In America, restaurants do not pay their servers a livable wage. Instead, owners of restaurants expect customers to leave large tips, so servers can survive and afford necessities like food, water, clothing, and shelter. Now, one waitress from New York City is coming forward to complain about how a large party of Europeans failed to leave an adequate tip on a $700 bill when the server was counting on them to tip at least twenty percent per American customs.
While it is customary for American diners to tip servers between fifteen and twenty percent, tipping is not as common in other parts of the world. In Europe, restaurants pay their servers a livable wage, so tipping is based on exemplary service rather than as being a requirement of the diner.

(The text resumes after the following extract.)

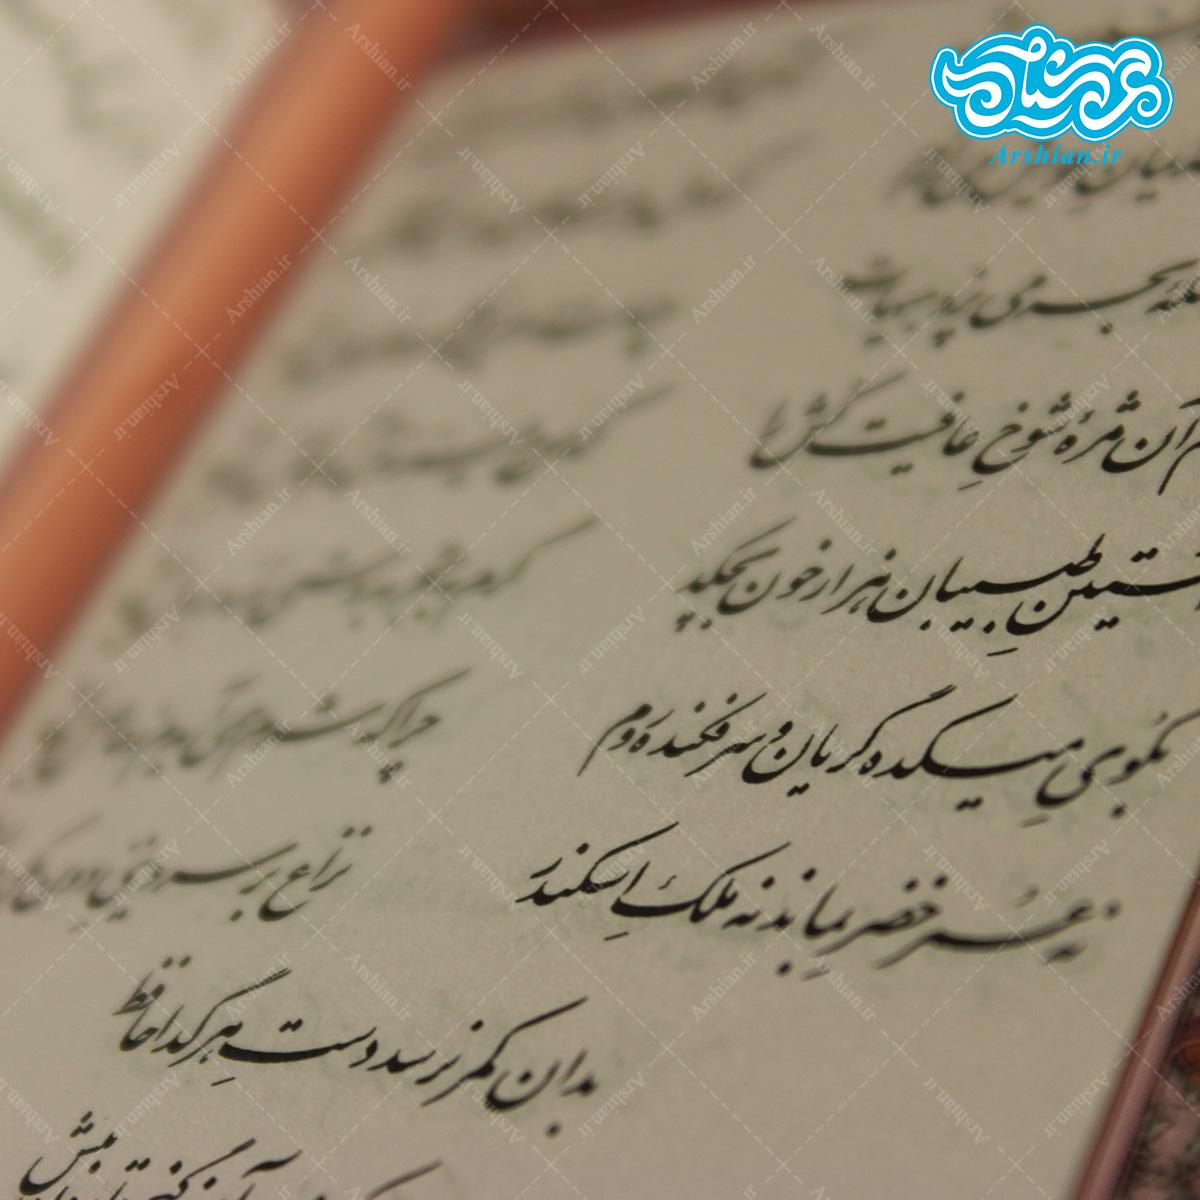 فالنامه حافظ شیرازی پالتویی

Waitress Madison Tayt turned to Twitter to share her outrage at a group of European diners who failed to understand that it is customary to tip at American restaurants. She was outraged that she was given just a seventy dollar tip on a seven hundred dollar bill when she should have received a tip closer to one hundred forty dollars.

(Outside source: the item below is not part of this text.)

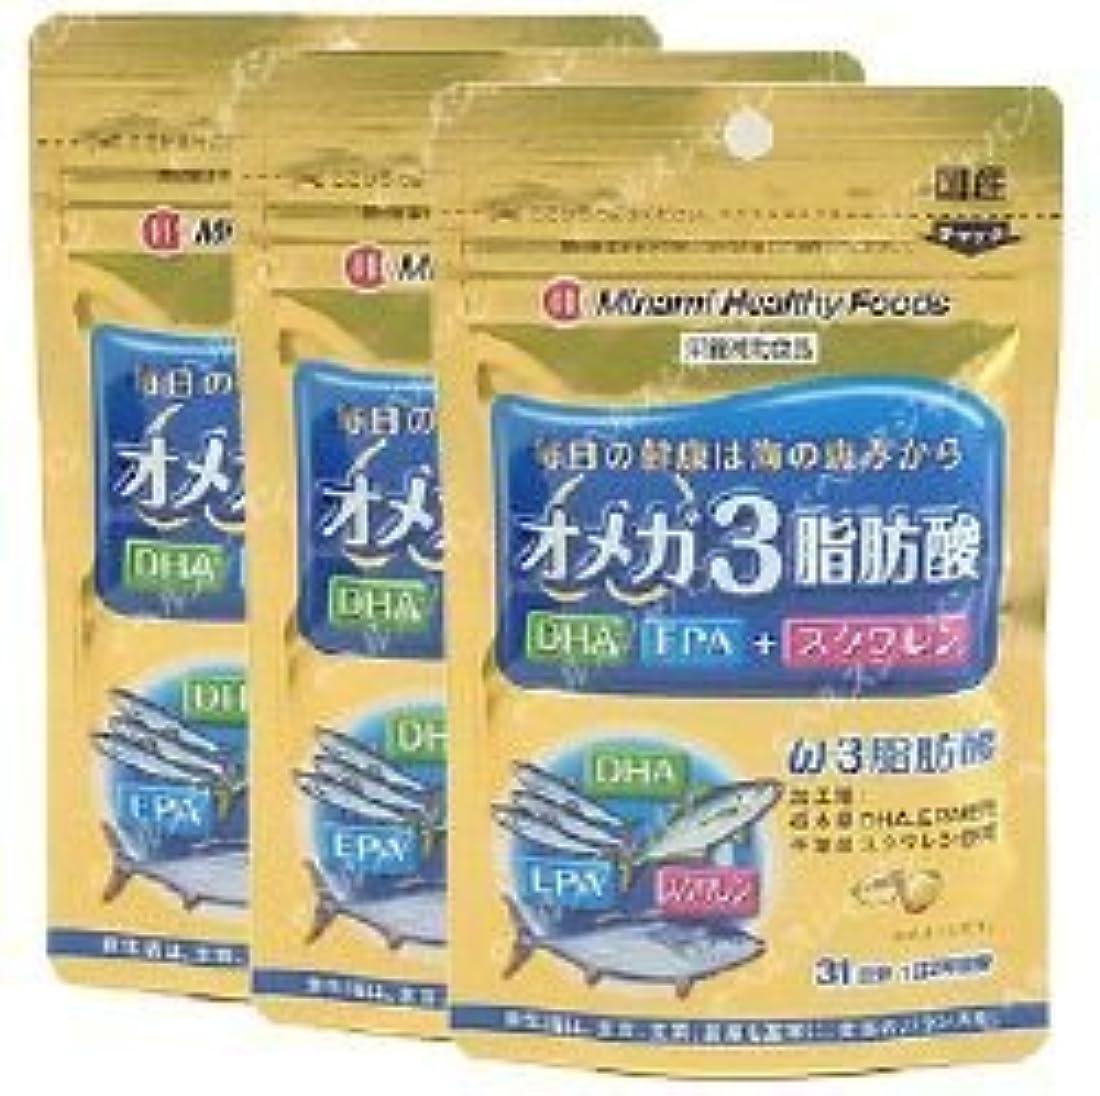 盲信ワードローブ指令オメガ3脂肪酸 31日分 62球(お取り寄せ品)×3個 4945904017975*3

“Lmao, I f**king hate Europeans sometimes, on God,” she wrote in a now-deleted Twitter thread. “This table just left $70 on a $700 check after chilling for HOURS. My manager even asked about their service, and they were OVER THE MOON about their service, so he explained the customary tip is 20 percent, and they were like, ‘ok’ and left.”
She added, “What’s even worse is they had one American at the table (the son’s [girlfriend] from the sounds of it) like B**CH DO SOMETHING.”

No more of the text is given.